One of the assets is volatility. The Tokenist article suggested client and personal holding TAIL but VIXM seems more like "long volatility" than a crash protection product like TAIL plus VIXM has been around much longer but we'll look at it with TAIL too. RYMFX is of course managed futures aka "commodity trend" and GLD is a personal and client holding. Here is the 10+ year result.

 

Portfolio 2 is 100% SPX and Portfolio 3 is 100% VBAIX. What jumps out is it that its worst year was nowhere near as bad as SPY or VBAIX and that the Dragon Portfolio has a negative correlation to stocks. The CAGR is pretty rough though. As assembled in DIY form, it doesn't keep up with inflation. I don't know how Artemis implements the portfolio but the context of all of these posts is to seek out better portfolios with easily accessible products. 

Hard to see above but 2020 was a fantastic year for the Dragon Portfolio as I assembled it, up 27.96%.

 

But there are a lot of negative years including the bear market we going through now. So negatively correlated expect when you need it most? Without 2020, the annualized return might be negative. From 2012-2019, as I assembled it is was down 0.87% annualized. Using TAIL instead of VIXM as the Tokenist article suggested gives a shorter time frame but shows the following. 

 

The biggest effect by adding TAIL for VIXM is that this version of the Dragon Portfolio would have done much worse in 2020, with TAIL it was only up 14.21%, giving up its outperformance using my preference of VIXM for long volatility. 

With an allocation of...

  • equities 24%
  • long volatility 21%
  • gold 19%
  • bonds 18%
  • commodity trend 18% 

...does it remind you of anything? It looks like an idea for how to update or build a better version of the Permanent Portfolio devised 40-ish years ago by Harry Browne which allocated 25% each to stocks, bonds, gold and cash. Comparing the Permanent Portfolio then to Dragon with VIXM and 100% VBAIX for the same period we get this.

 

Portfolio 1 is Dragon and Portfolio 2 is Permanent. I used the SPDR 1-3 T-bill ETF (BIL) as a proxy for cash in the Permanent Portfolio. The CAGR improves for Permanent vs Dragon. If that is the case, I think it might be because Dragon allocates as much as 58% to exposures that at times have a negative correlation to equities. Both VIXM and TAIL are flat out negatively correlated. Gold sometimes is and managed futures is often negatively correlated. 

As we say often, stocks are the thing that goes up the most, most of the time (ex-crypto). While I believe it is important to manage portfolio volatility, you don't want to get too far away from some sort of "normal allocation" to equities unless you're in game over mode. You want the equity market's ergodicity to work for you and I don't think twenty something percent gets that done for people. 

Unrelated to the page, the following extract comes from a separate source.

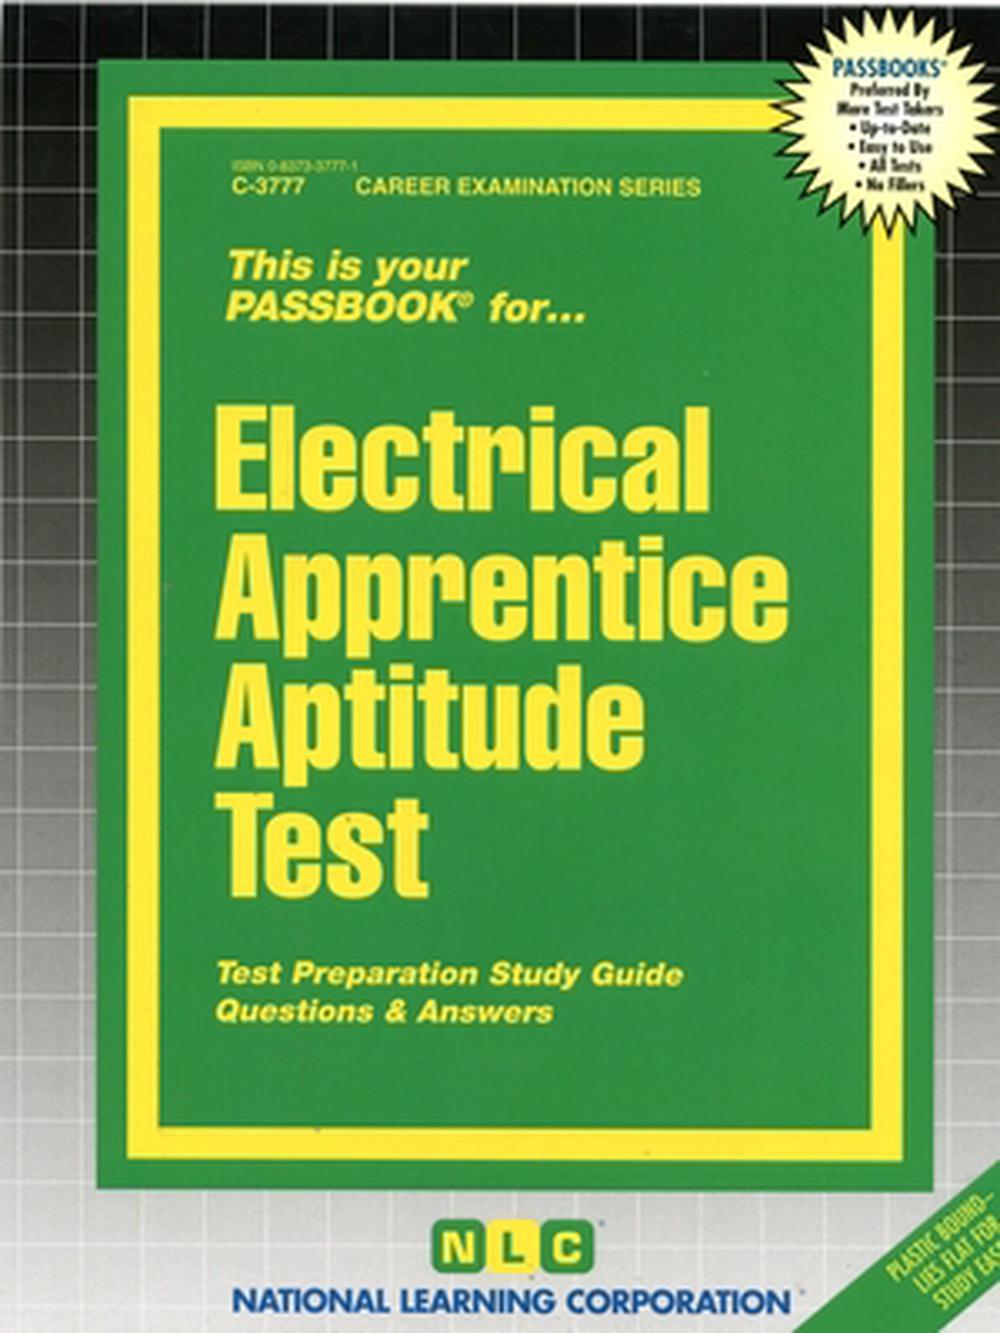 electrical-apprentice-aptitude-test-by-jack-rudman-english-paperback-book-free-9780837337777

My information about how it is put together comes from a third party so I can't vouch for the accuracy but based on the above screen shot from a video on the Artemis website, it's at least very close. Like I said, I don't know whether Artemis uses exchange traded products. Some sort of institutional product for volatility could look much different (better) than VIXM or TAIL and that difference could easily make all the difference in the world. 

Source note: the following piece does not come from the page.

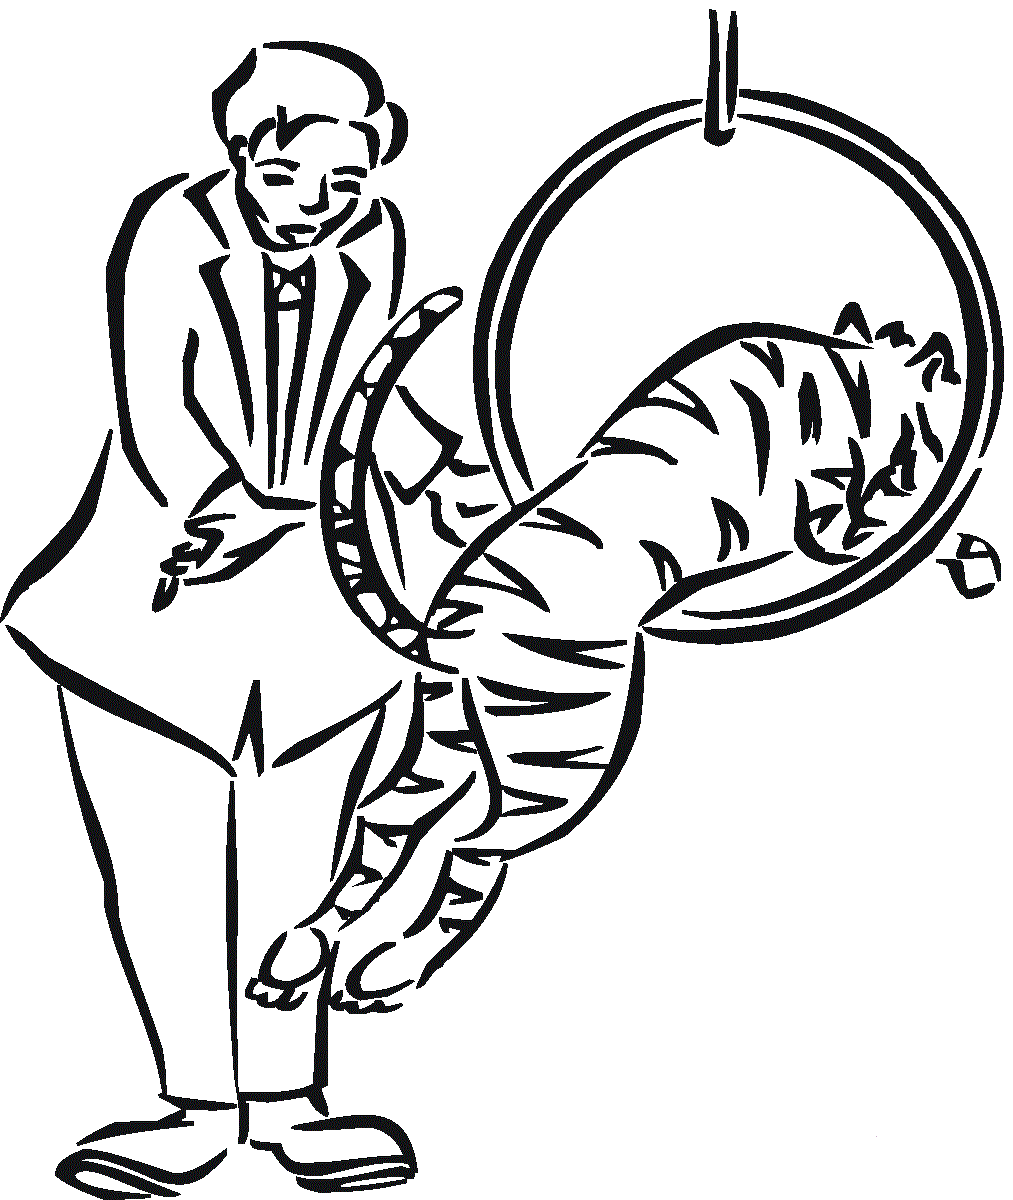 Circus Tiger coloring page

The video talked about 100 year generational wealth. Is that a priority for you? If not then this would not be for you, literally, the objective is not your objective if 100 years is not your priority. It is not my priority. Also the video says they studied the last 100 years to come up with this allocation but I am not sure how they studied long volatility or commodity trend that far back.

Again, I could totally be missing the point but if I or you or anyone doesn't understand a portfolio or investment, they shouldn't use it until they can actually learn and understand the idea.